Forschungsergebnisse zeigen, dass bei Menschen mit Heuschnupfen, die zuvor kein Asthma hatten, spezifische IgE-Antikörper im Serum anzeigen, dass ein erhöhtes Risiko für Gewitterasthma besteht.
Vorbeugung von Gewitterasthma
Gewitterasthma trat bisher in Deutschland nur selten auf. Da bei Allergiker:innen mitunter jedoch schwere Symptome entstehen können, bieten wir Menschen mit Heuschnupfen und allergischem Asthma Informationen wie sie sich schützen können:
- Ein Gewitter kann allergische Symptome während der Pollenflugsaison möglicherweise verstärken. Menschen mit einer Allergie wie Heuschnupfen oder allergischem Asthma können sich schützen, indem sie auf Gewitterwarnungen achten: Informationen zu einem bevorstehenden Gewitter bietet der Deutsche Wetterdienst, eine Übersicht über Pollenflugvorhersagen finden sie in unserer Infothek im Bereich Pollenflug-Informationen.
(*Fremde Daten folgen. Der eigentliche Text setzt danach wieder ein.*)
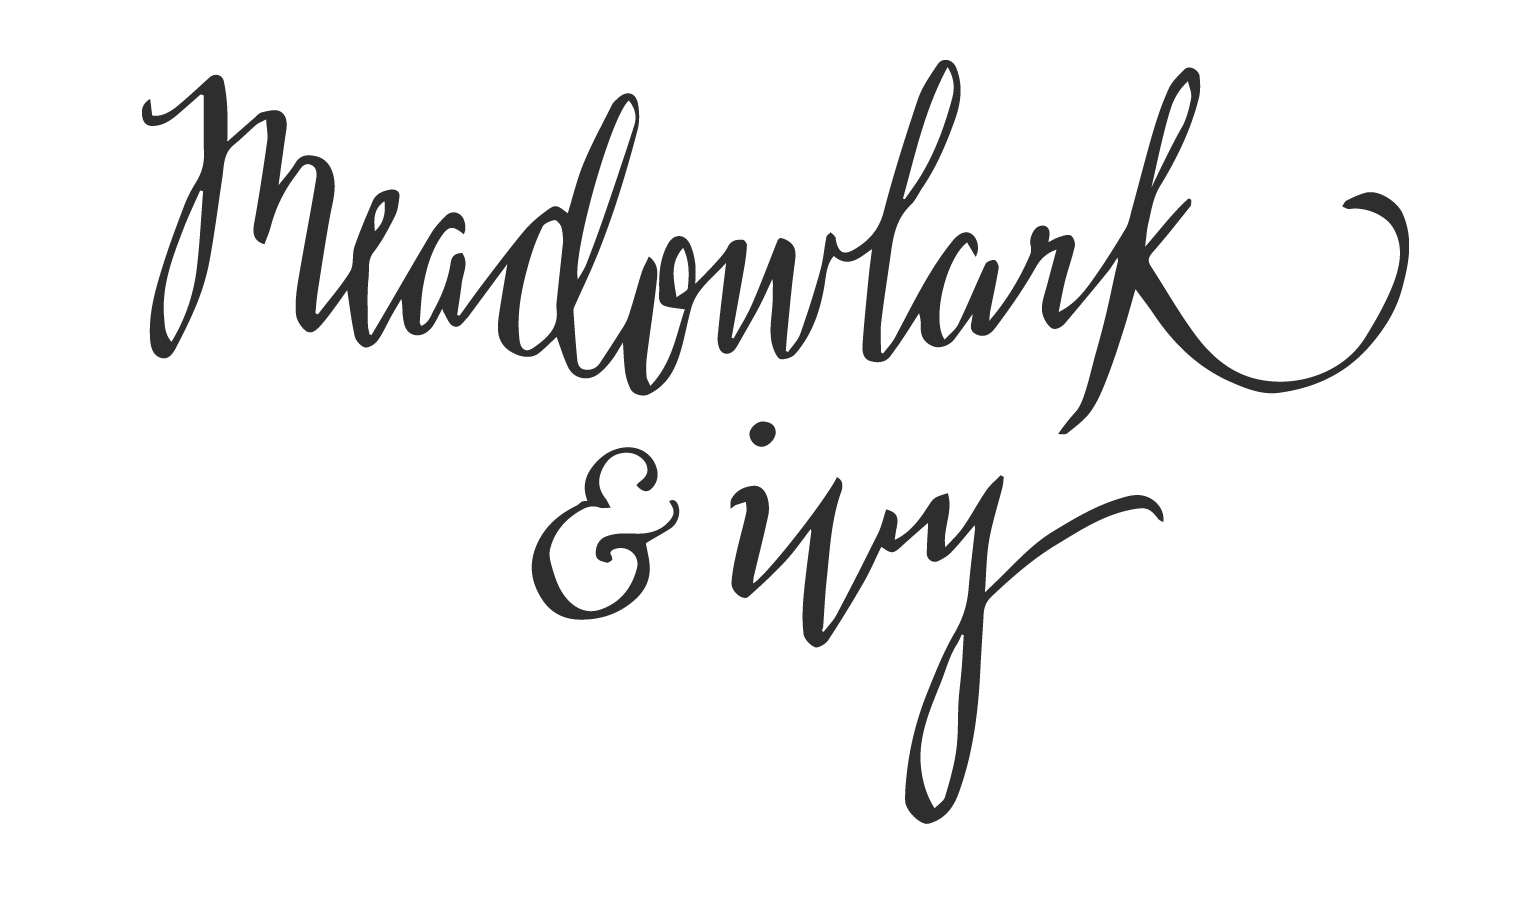 Meadowlark and Ivy

Obwohl Symptome von Gewitterasthma selten sind und nicht bei jedem Gewitter auftreten, können Personen mit starkem allergischem Asthma oder Heuschnupfen vorbeugen, indem sie sich während eines Gewitters in geschlossenen Räumen aufhalten. Wenn sich ein Aufenthalt im Freien nicht vermeiden lässt, empfiehlt der Bundesverband der Pneumologen, die Atemwege zu schützen, indem Betroffene über ein Tuch durch die Nase einatmen und über den Mund ohne Tuch ausatmen.
- Eine spezifische Immuntherapie (SIT), (Hyposensibilisierung) kann langfristig vorbeugend vor Gewitterasthma schützen. Die SIT ist derzeit die einzige ursächlich wirksame Therapie bei Allergie. Sie lindert allergische Symptome oder lässt sie vollständig verschwinden.
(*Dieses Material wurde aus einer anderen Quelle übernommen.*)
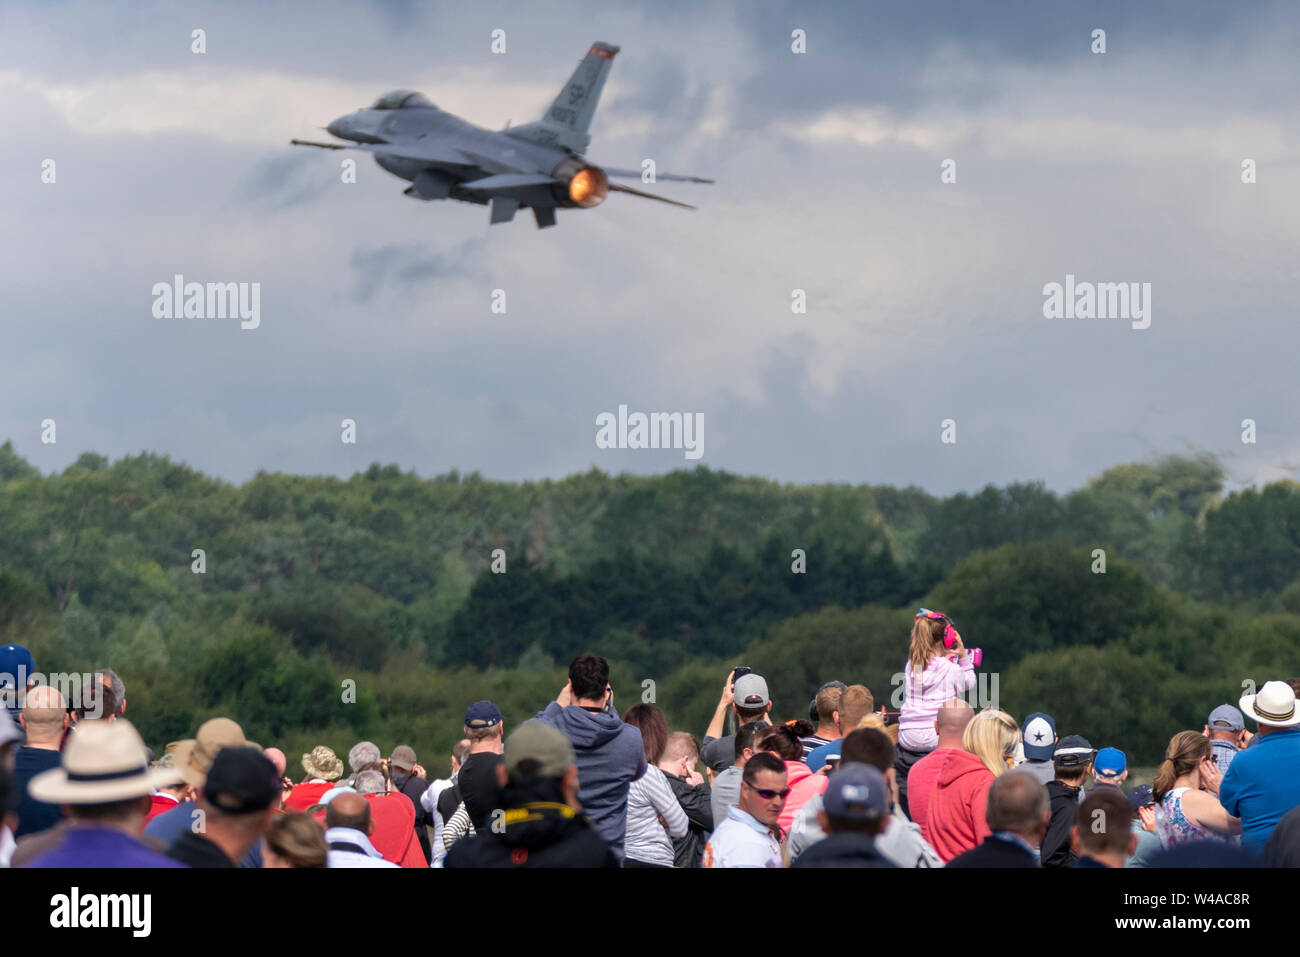 RAF Fairford, Gloucestershire, UK. RIAT is regarded as the world's largest military airshow with participating aircraft flying in from all over the globe, with over 30 air arms from 20 different countries present in 2019. USAF F-16 taking off in front of crowd Stock Photo

- Besonders gefährdeten Asthma-Patienten:innen wird empfohlen, entsprechend der medizinischen Leitlinienempfehlungen vorbeugend inhalative Kortikosteroide (Kortisonspray) einzunehmen.
Behandlung von Gewitterasthma
Wie bei jedem akuten Asthmaanfall empfiehlt die medizinische Leitlinie bronchienerweiternde Medikamente, sogenannte Bronchodilatoren. Sie befreien kurzfristig von Asthma-Symptomen und dienen als Bedarfsmedikamente bei akuten Beschwerden.
Quellen
Die hier aufgeführten Leitlinien und Aufsätze richten sich, so nicht ausdrücklich anders vermerkt, an Fachkreise. Ein Teil der hier angegebenen Aufsätze ist in englischer Sprache verfasst.
- Luschkova D et al.: Climate change and allergies. Allergo J Int 2022; 31:114-20 (Letzter Abruf: 29.01.2024)
- Buters J. et al.: Variation of the group 5 grass pollen allergen content of airborne pollen in relation to geographical location and time in season. In: J Allergy Clin Immunol 2015; 136(1):87-95 (Letzter Abruf: 29.01.2024)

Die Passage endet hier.